Re: [PATCH v2] clk: qcom: gdsc: Remove direct runtime PM calls

From: Stephen Boyd
Date: Thu Nov 03 2022 - 12:55:53 EST


Quoting Johan Hovold (2022-11-03 07:31:09)
> On Wed, Nov 02, 2022 at 10:07:17AM -0700, Stephen Boyd wrote:
> > We shouldn't be calling runtime PM APIs from within the genpd
> > enable/disable path for a couple reasons.
> >
> > First, this causes an AA lockdep splat because genpd can call into genpd
> > code again while holding the genpd lock.
> >
> > WARNING: possible recursive locking detected
>
> > Second, this confuses runtime PM on CoachZ for the camera devices by
> > causing the camera clock controller's runtime PM usage_count to go
> > negative after resuming from suspend.

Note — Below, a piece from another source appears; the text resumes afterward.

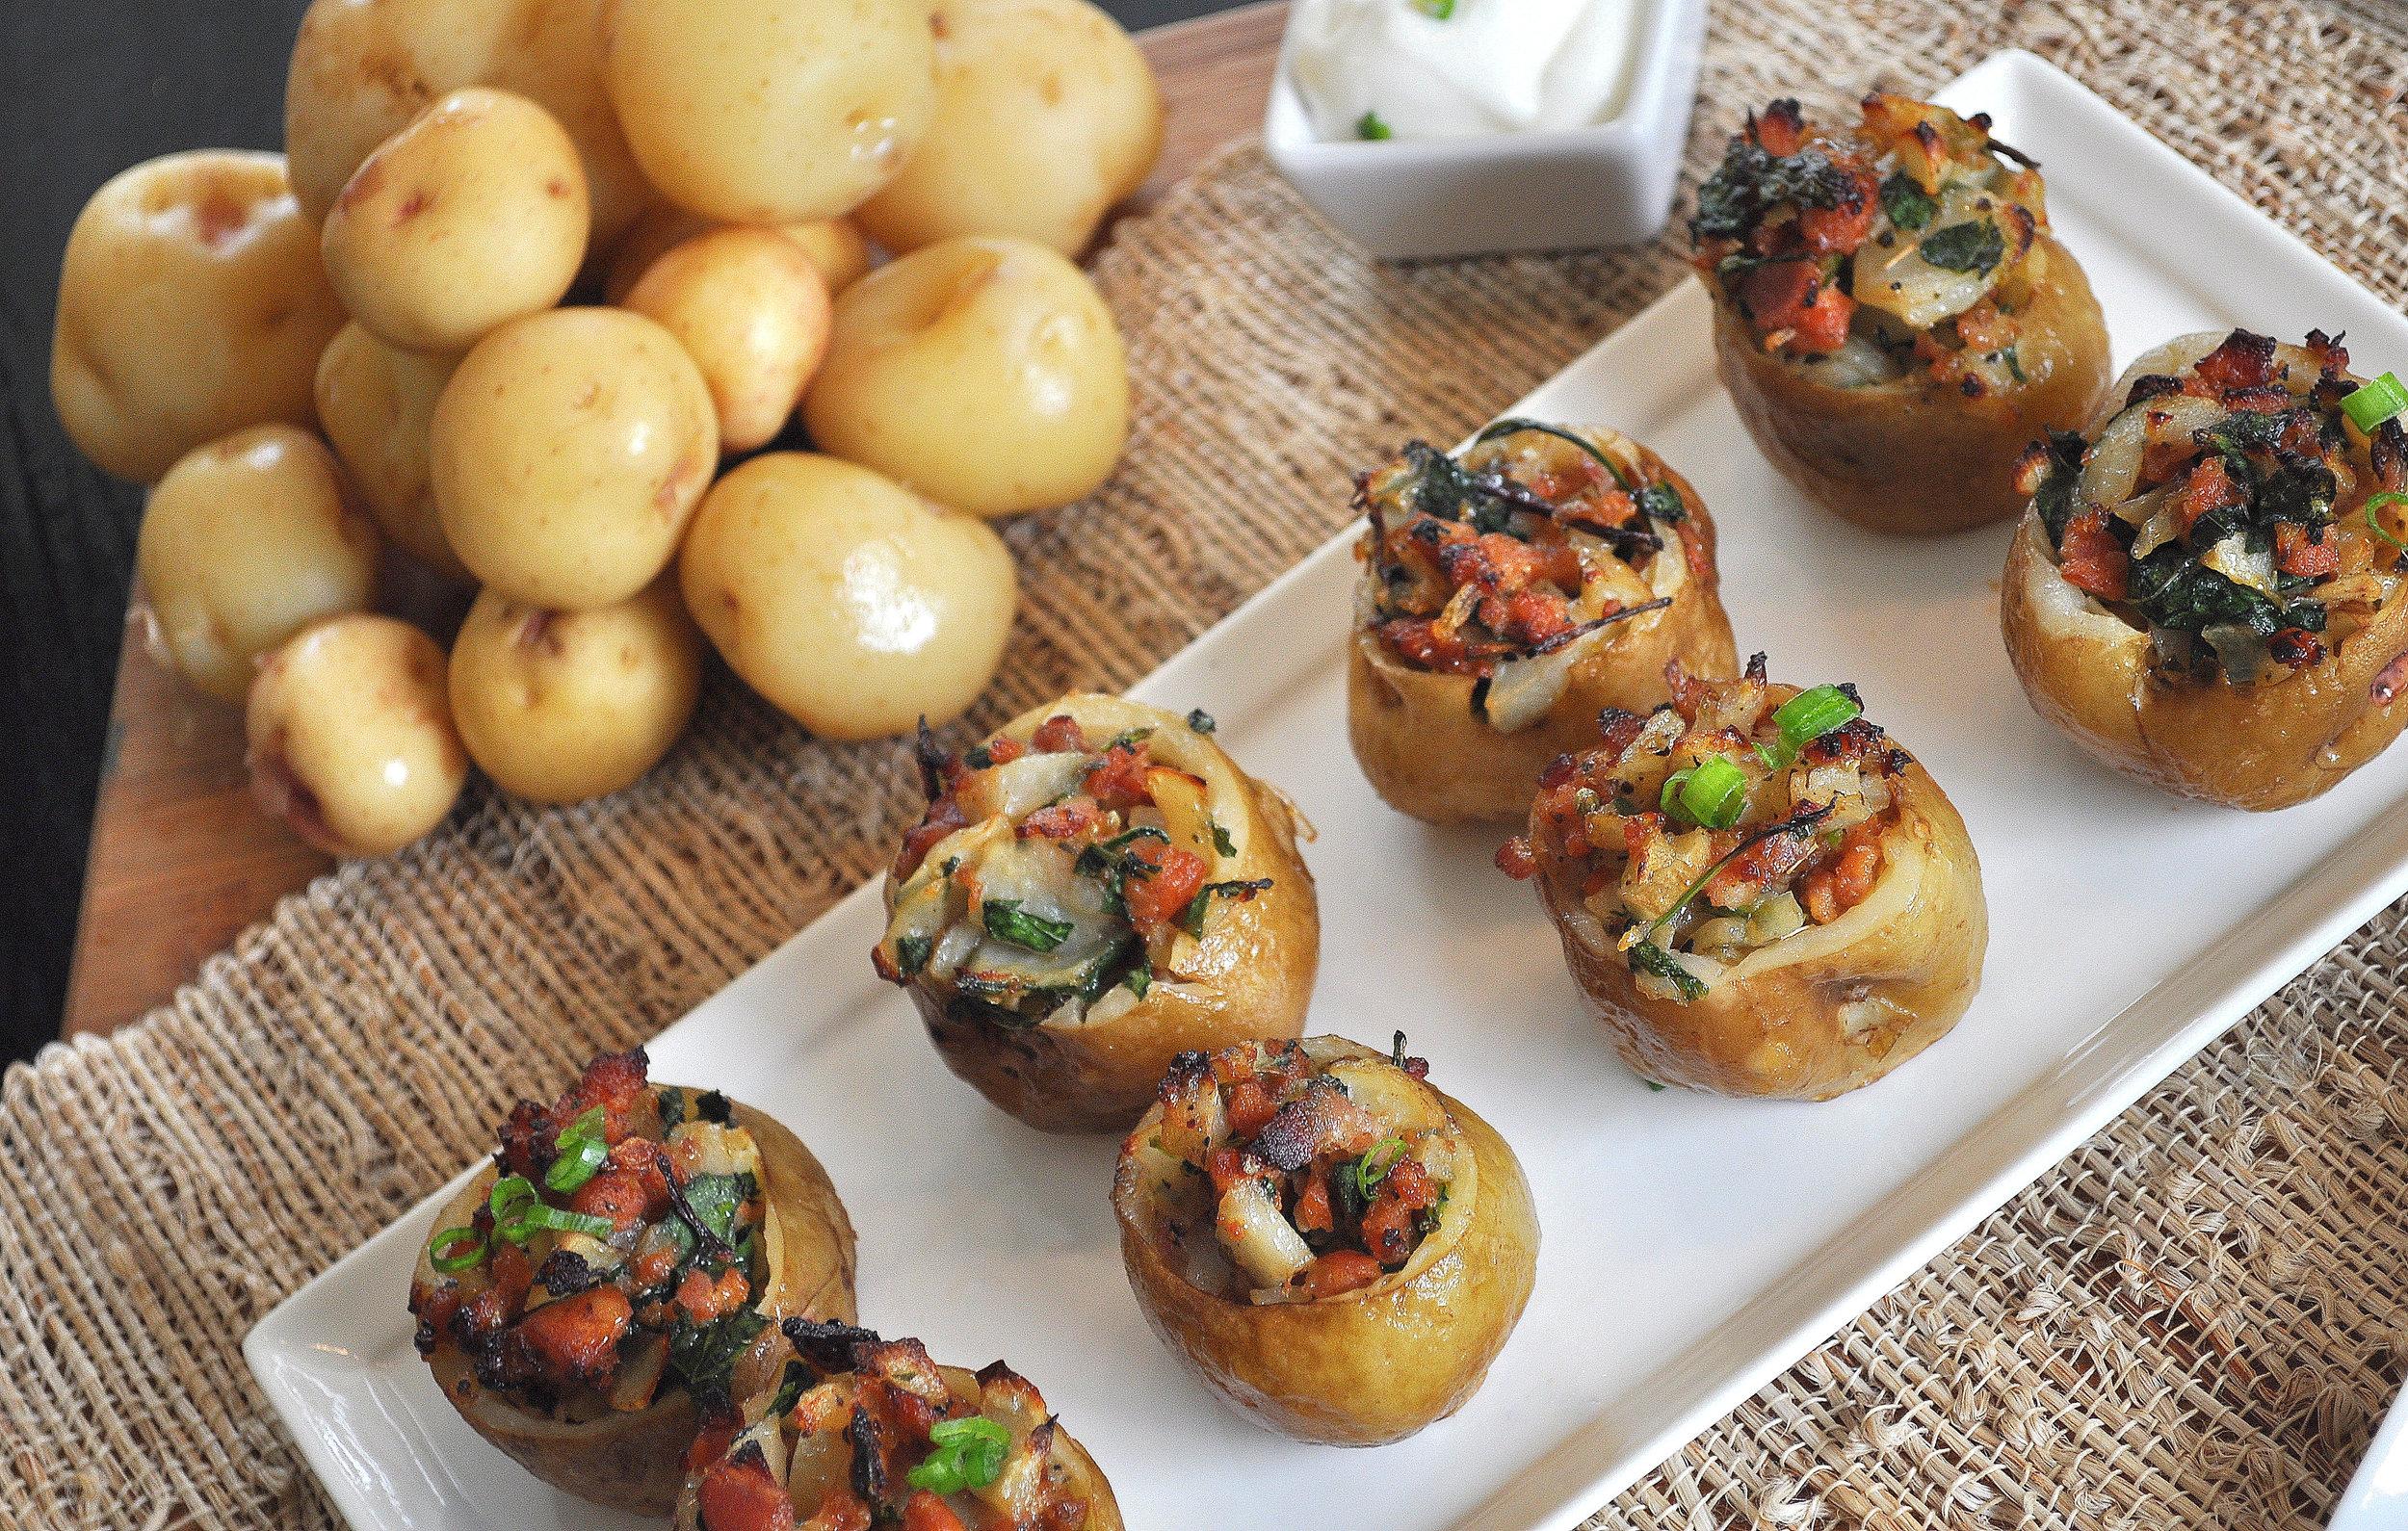 Chorizo and Kale Stuffed Potatoes

This is because runtime PM is
> > being used on the clock controller while runtime PM is disabled for the
> > device.
> >
> > The reason for the negative count is because a GDSC is represented as a
> > genpd and each genpd that is attached to a device is resumed during the
> > noirq phase of system wide suspend/resume (see the noirq suspend ops
> > assignment in pm_genpd_init() for more details). The camera GDSCs are
> > attached to camera devices with the 'power-domains' property in DT.
> > Every device has runtime PM disabled in the late system suspend phase
> > via __device_suspend_late(). Runtime PM is not usable until runtime PM
> > is enabled in device_resume_early(). The noirq phases run after the
> > 'late' and before the 'early' phase of suspend/resume. When the genpds
> > are resumed in genpd_resume_noirq(), we call down into gdsc_enable()
> > that calls pm_runtime_resume_and_get() and that returns -EACCES to
> > indicate failure to resume because runtime PM is disabled for all
> > devices.
>
> Probably worth mentioning the fact that those runtime PM calls
> unconditionally failing during resume means that the GDSCs are never
> even enabled.
>
> Seems like the PM runtime usage counters would still be balanced after
> this though as they are decremented also on failure during suspend (i.e.
> domain remains off and no usage counter is incremented during resume).
>

I'm seeing negative usage counts.

> But this is clearly just very broken.
>
> > Upon closer inspection, calling runtime PM APIs like this in the GDSC
> > driver doesn't make sense. It was intended to make sure the GDSC for the
> > clock controller providing other GDSCs was enabled, specifically the
> > MMCX GDSC for the display clk controller on SM8250 (sm8250-dispcc), so
> > that GDSC register accesses succeeded. That will already happen because
> > we make the 'dev->pm_domain' a parent domain of each GDSC we register in
> > gdsc_register() via pm_genpd_add_subdomain(). When any of these GDSCs
> > are accessed, we'll enable the parent domain (in this specific case
> > MMCX).
> >
> > We also remove any getting of runtime PM during registration, because
> > when a genpd is registered it increments the count on the parent if the
> > genpd itself is already enabled. And finally, the runtime PM state of
> > the clk controller registering the GDSC shouldn't matter to the
> > subdomain setup. Therefore we always assign 'dev' unconditionally so
> > when GDSCs are removed we properly unlink the GDSC from the clk
> > controller's pm_domain.
>
> This last bit makes no sense as 'dev' was only used for the runtime PM
> management and should be removed by this patch.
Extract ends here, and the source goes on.